Contact resistance at In/MoS₂ contacts

On the basis of the TLM measurements (see Supplementary Fig. 15) with multiple channels (see Fig. 4a), we extracted the contact resistance (R_cW) as a function of n_e of the 6L-#1 MoS₂ device at representative temperatures; the results are shown in Fig. 6a (solid squares; see also Supplementary Table 2). Here, n_e was estimated from the relation \(n_{\mathrm{e}} = \left( {e\mu R_{{\mathrm{sh}}}} \right)^{ - 1}\). We note that, for the consistency, the sheet resistance R_sh as well as mobility μ were obtained from the four-probe data, although R_sh could have been extracted from the TLM method. The obtained contact resistance includes serial resistances of In and Ti/Au electrodes (see supplementary Fig. 16). At a given T, R_cW decreased with increasing n_e.
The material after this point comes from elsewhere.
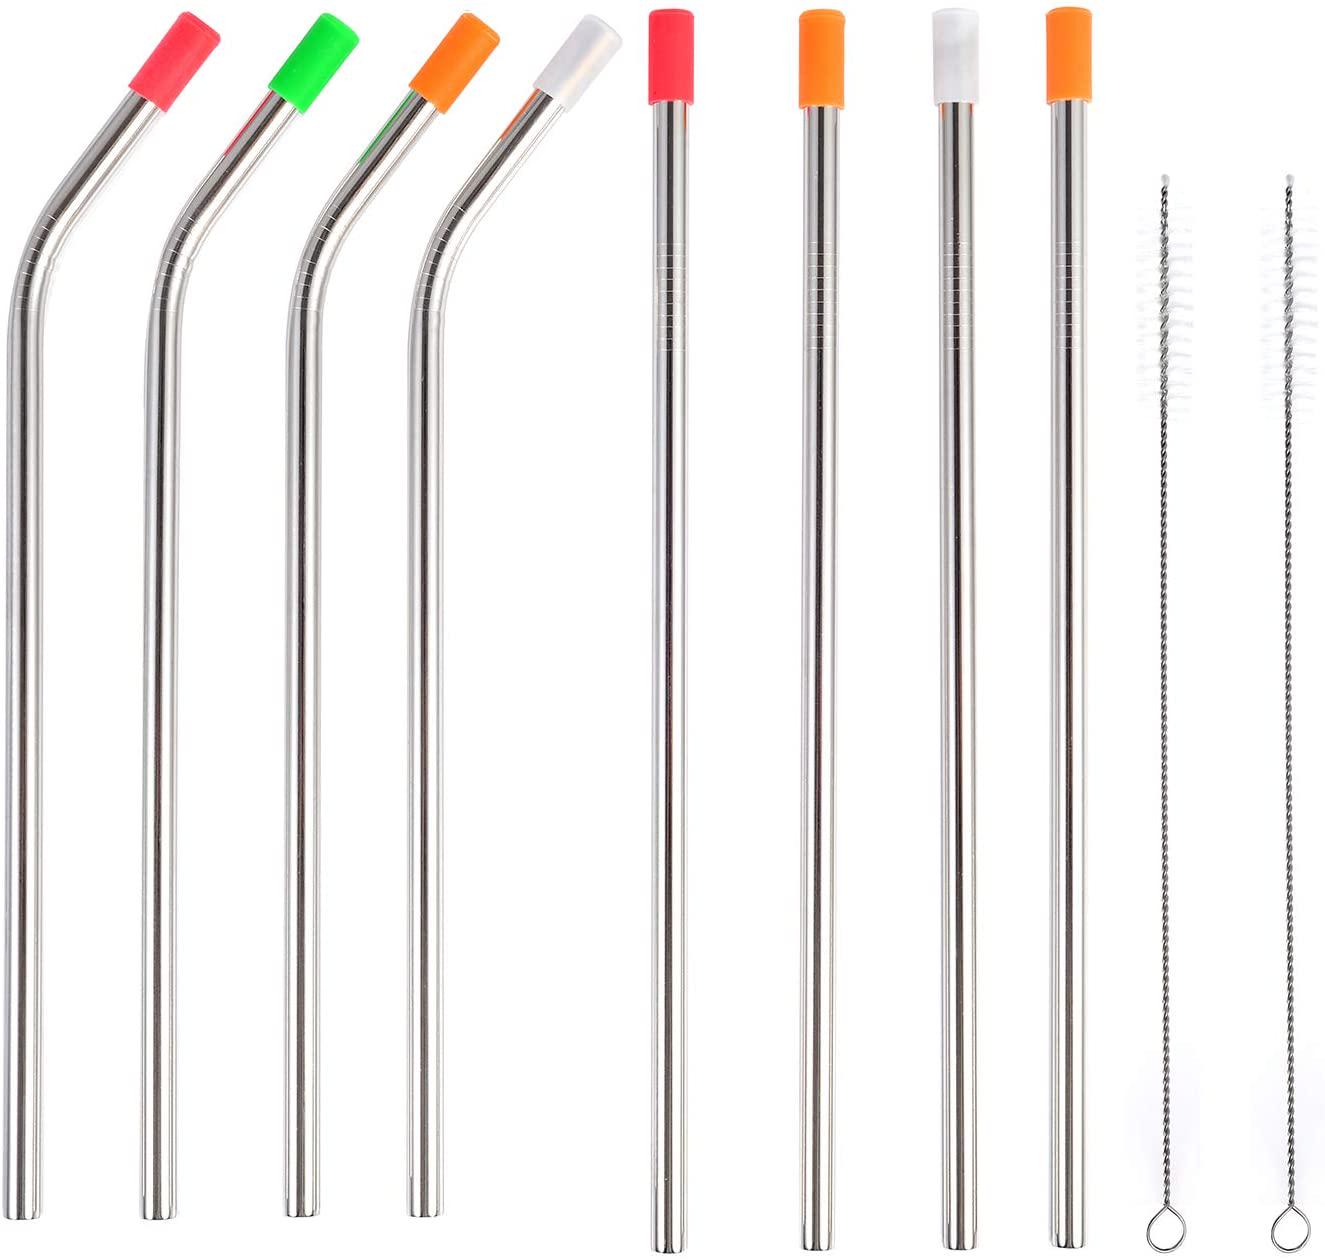 Kichwit, Kichwit Extra Long Stainless Steel Straws Set of 8, Reusable Wide Straws for Smoothies, 10.5 Long, 5/16 Wide, Metal Drinking Straws for 30 oz Tumblers, 2 Free Cleaning Brushes Included

The contact resistance is given by^4,5

$$R_{\mathrm{c}}W(n_{\mathrm{e}},T) = \sqrt {R_{{\mathrm{sh}}}(n_{\mathrm{e}},T)\rho _{\mathrm{c}}(n_{\mathrm{e}},T)} ,$$

(4)

which is only valid for L_c≫L_T. Here, ρ_c is the specific contact resistivity and L_T (= \(\sqrt {\rho _{\mathrm{c}}/R_{{\mathrm{sh}}}}\)) is the transfer length, which represents the average distance that charge carriers flow in a semiconductor beneath the contact before they completely transport to the electrode. Supplementary Fig. 15c shows that our device satisfied this condition with L_c ≈ 1 μm and L_T ≈ 0.1 μm. Equation (4) implies that R_cW decreases with increasing n_e because both R_sh and ρ_c generally decrease with increasing n_e. At a fixed n_e, the thermionic emission charge transport mechanism across the Schottky barrier predicts that R_cW will increase with decreasing T because the thermionic emission will be suppressed with lowering T³⁵. On the other hand, R_cW in our measurements decreased with decreasing T, as shown by scattered red diamonds in Fig. 6b for the case measured at n_e = 3.4 × 10¹² cm⁻². The contact resistance decreased from 2.3 to 0.6 kΩ μm when T was decreased from room temperature to 2.4 K. This behavior, which has been reported in several previous works such as graphene/MoS₂ (ref. ¹²) and Pd/graphene contacts³⁶, is considered as an evidence for the non-dominant role of thermionic emission for the transport across a contact. Scattered squares in Fig. 6b also show R_sh as a function of T at n_e = 3.4 × 10¹² cm⁻², where R_sh decreased with decreasing T because the phonon scattering is reduced.

Fig. 6: Contact resistance with carrier density at In/MoS₂ contacts.

a Contact resistance (R_cW) as a function of carrier density (n_e) of 6L-#1 MoS₂ device at various temperatures (scattered solid squares) with other works (solid curves: graphene(Gr)/4L-MoS₂, opened diamonds: Au/4L-MoS₂, opened pentagons: Au/In/few L-MoS₂). b R_cW and sheet resistance (R_sh) of 6L-#1 MoS₂ device as a function of T at n_e = 3.4 × 10¹² cm⁻².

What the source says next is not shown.